A second factor is the existence of developed retail and distribution channels, formal and informal, point to the potential of third party service providers independently offering mobile money services. This model was successfully adopted in Vietnam by M-Service. M-service started as an operator agnostic electronic recharging provider and has since grown to become the country’s largest prepaid distributor, offering recharging of accounts for all seven mobile operators with over 80,000 points of service nationwide. M-service is now marketing its mobile commerce services under the name of momo which includes the purchase of game credits and utility bill payment. The company looks to offer person to person money transfers once they have authorization from the State Bank of Vietnam. Similarly in Latin America, regional airtime distributor, Movilway, is deploying electronic recharging and mobile commerce services throughout the region.
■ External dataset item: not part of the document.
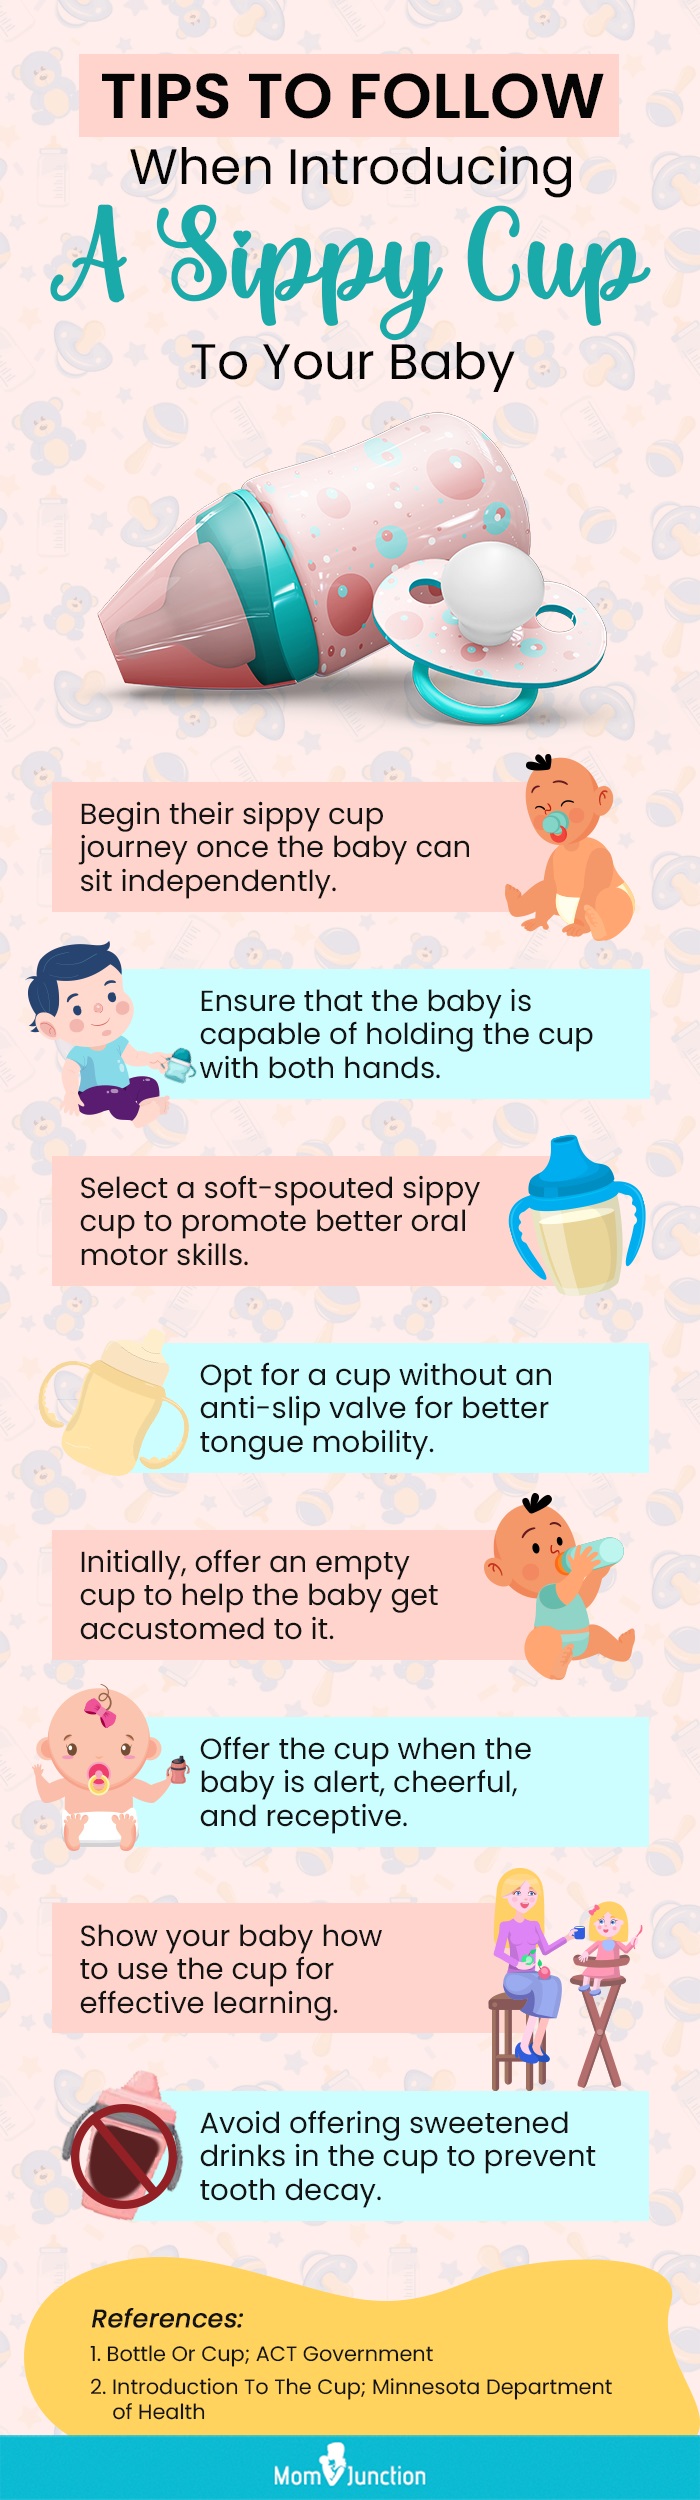 https://cdn2.momjunction.com/wp-content/uploads/2023/06/Tips-To-Follow-When-Introducing-A-Sippy-Cup-To-Your-Baby.jpg

Regardless of the delay, we see mobile money services taking off within the region, with the most potential among the unbanked. To achieve success in this market segment, payment service providers (banks, mobile operators, or third party payment service providers) will have to create a compelling value proposition for end users, ultimately one that saves them money. Mobile money doesn’t compete with credit card services or other financial instruments – it competes with cash. To convince a person of any socio-economic status to put hard cash into a mobile wallet, you need to provide a compelling reason.

In the Philippines, the Rural Banking Association of the Philippines (RBAP) and Microenterprise Access to Banking Services (MABS) have been particularly successful in developing microfinance services on the G-Cash platform that provide real cost and time savings to the microenterprise clients that use them. G-Cash customers can use their mobile wallet to make microloan payments, pay bills, make purchases and send money to relatives and friends. They have successfully identified an end user “pain point” and solved it with mobile wallet services.

Mobile operators in Latin America appear to have chosen the person to person money transfer service as a most compelling end user use case. Paraguay has served as a test bed for Luxembourg-based mobile operator Millicom with its Tigo Cash (Giros Tigo) mobile wallet system which will be expanded to the rest of its Central and Latin American properties in 2011. Tigo Cash has primarily focused on domestic remittances as a particular ‘pain point’ for customers in the region.

At the same time, there are several initiatives being brewed by governments in Latin America for social benefits disbursements using mobile money as a vehicle to do it effectively. Other private micro-finance institutions, with the help of international organizations, are planning to launch mobile micro-finance programs in countries like Peru, Colombia, Ecuador, Mexico, and Central America. These government initiatives coupled with the private mobile micro-finance will help to ‘kick start’ the lifting of the wallet barrier, and will provide a cost effective method of distributing these benefits and financial programs.

2011 promises to be the year of mobile money launches in Latin America, a year of catching up. The regulatory environment will continue to evolve and provide clearer commercial frameworks for financial services. Commercial deployments will finally take place in multiple countries of the region and the unbanked may finally have access to this powerful means of financial inclusion.